> _EXERCISE DESCRIPTION_: The answer must consist only of the lines in the records below from the line with "Trompo de madera" to the line with "Dell g15-i5 gaming laptop", both included, copied word for word with every picture left out.

> _EXTRACTED ENTRIES_:
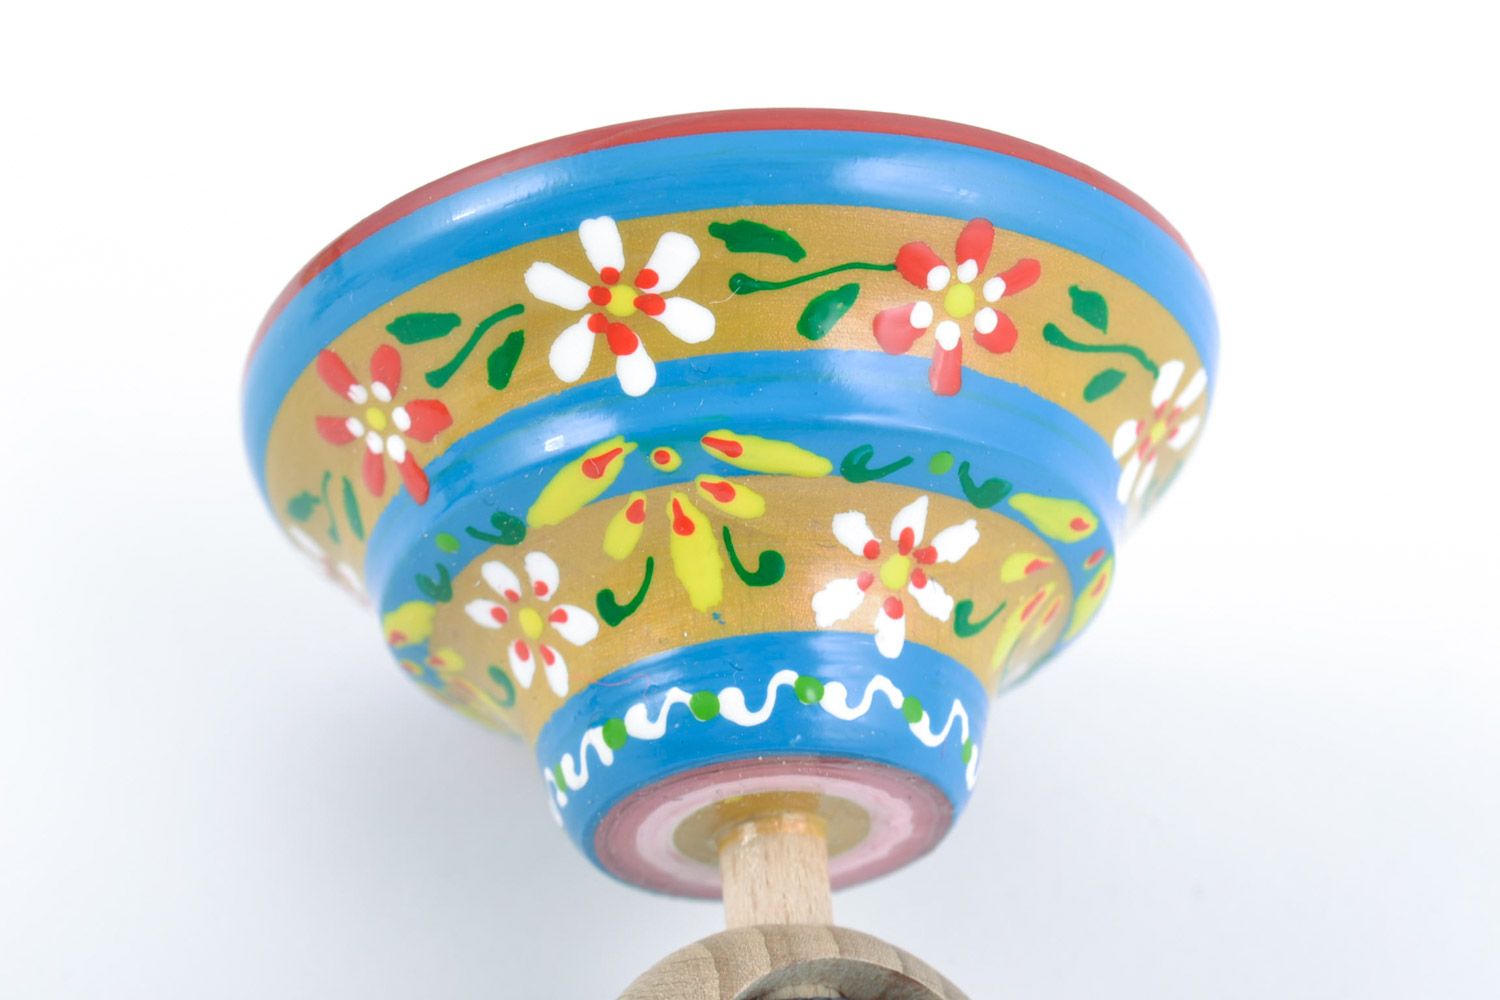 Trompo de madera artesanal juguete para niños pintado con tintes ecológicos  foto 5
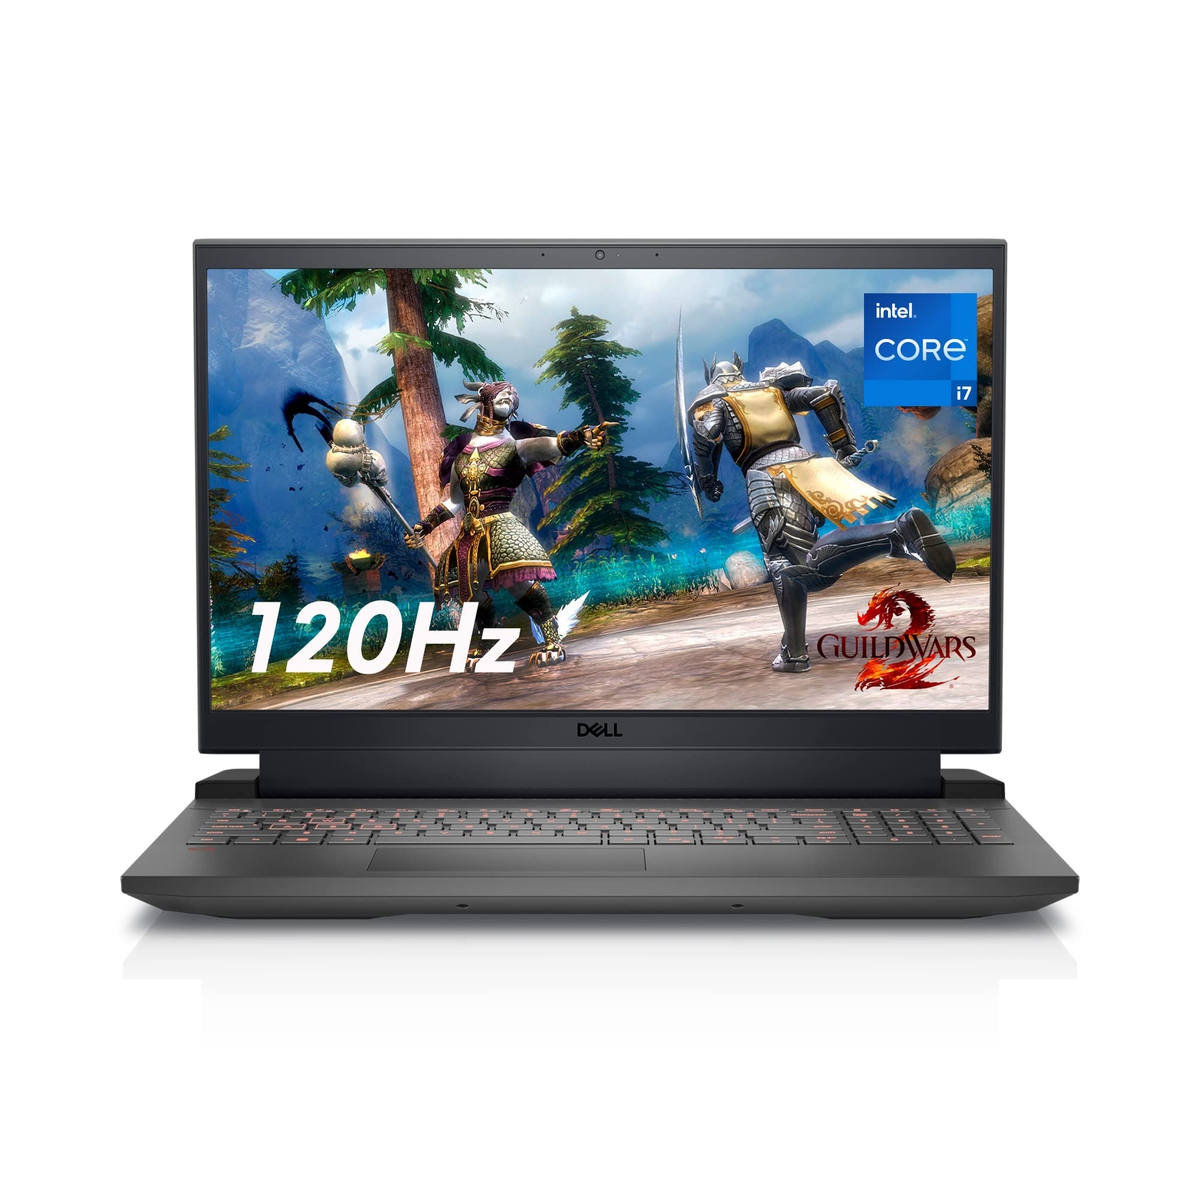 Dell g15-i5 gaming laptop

--

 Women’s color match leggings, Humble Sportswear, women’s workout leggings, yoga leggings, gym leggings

> _YOUR SOLUTION_:
 Trompo de madera artesanal juguete para niños pintado con tintes ecológicos  foto 5
 Dell g15-i5 gaming laptop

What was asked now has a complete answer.